Sketch the curve represented by the vectorvalued function and give the orientation of the curve. \(\mathbf{r}(t)=\langle\cos t+t \sin t, \sin t-t \cos t, t\rangle\)

Short answer

The curve represented by the vector-valued function \(\mathbf{r}(t)=\langle\cos t+t \sin t, \sin t-t \cos t, t\rangle\) has an orientation upwards along the \(z\)-axis once it's sketched onto a 3D space.

Step-by-step solution

Understand the Vector-Valued Function

Given, the vector-valued function is \(\mathbf{r}(t)=\langle\cos t+t \sin t, \sin t-t \cos t, t\rangle\). In a vector-valued function, each scalar component is a function of the same variable, in this case, \(t\). Thus, this vector function represents a curve in three-dimensional space as \(t\) varies.

Convert it into a Parametric Form

The vector-valued function can be transformed into a set of parametric equations, where \(x\), \(y\), and \(z\) are all functions of \(t\). The given vector-valued function can therefore be written as: \(x = \cos t+t \sin t\), \(y = \sin t-t \cos t\) and \(z = t\).

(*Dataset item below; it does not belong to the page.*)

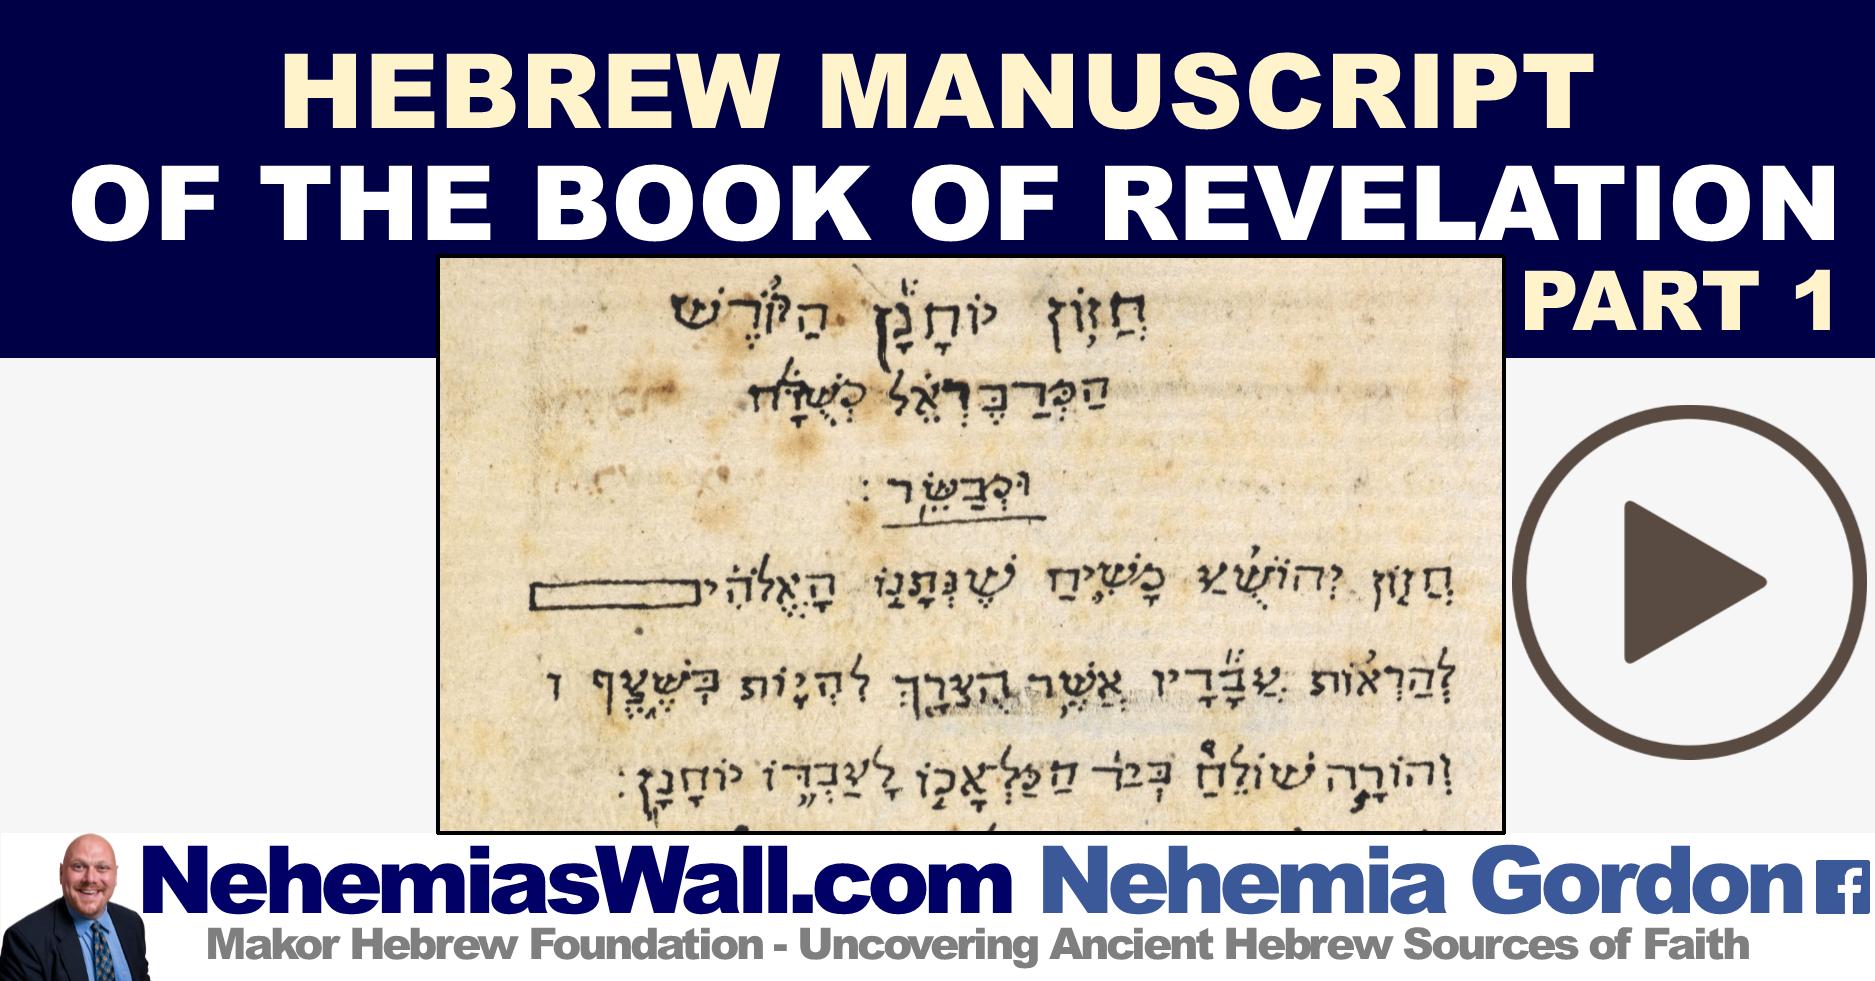 Hebrew M Cript Of The Book Of Revelation Part 1

Visualize and Define the Orientation

Once we have the parametric equations, we can sketch the function in a 3D plot. The orientation of the curve is defined by the direction in which \(t\) increases. By observing how the values of \(x\), \(y\), and \(z\) change as \(t\) increases, we can define the orientation of the curve. In this case, as \(t\) increases, \(x\) and \(y\) perform oscillating behaviors due to the sinusoidal components, while \(z\) increases linearly with \(t\), so we can say the orientation of the curve is upwards along the \(z\)-axis.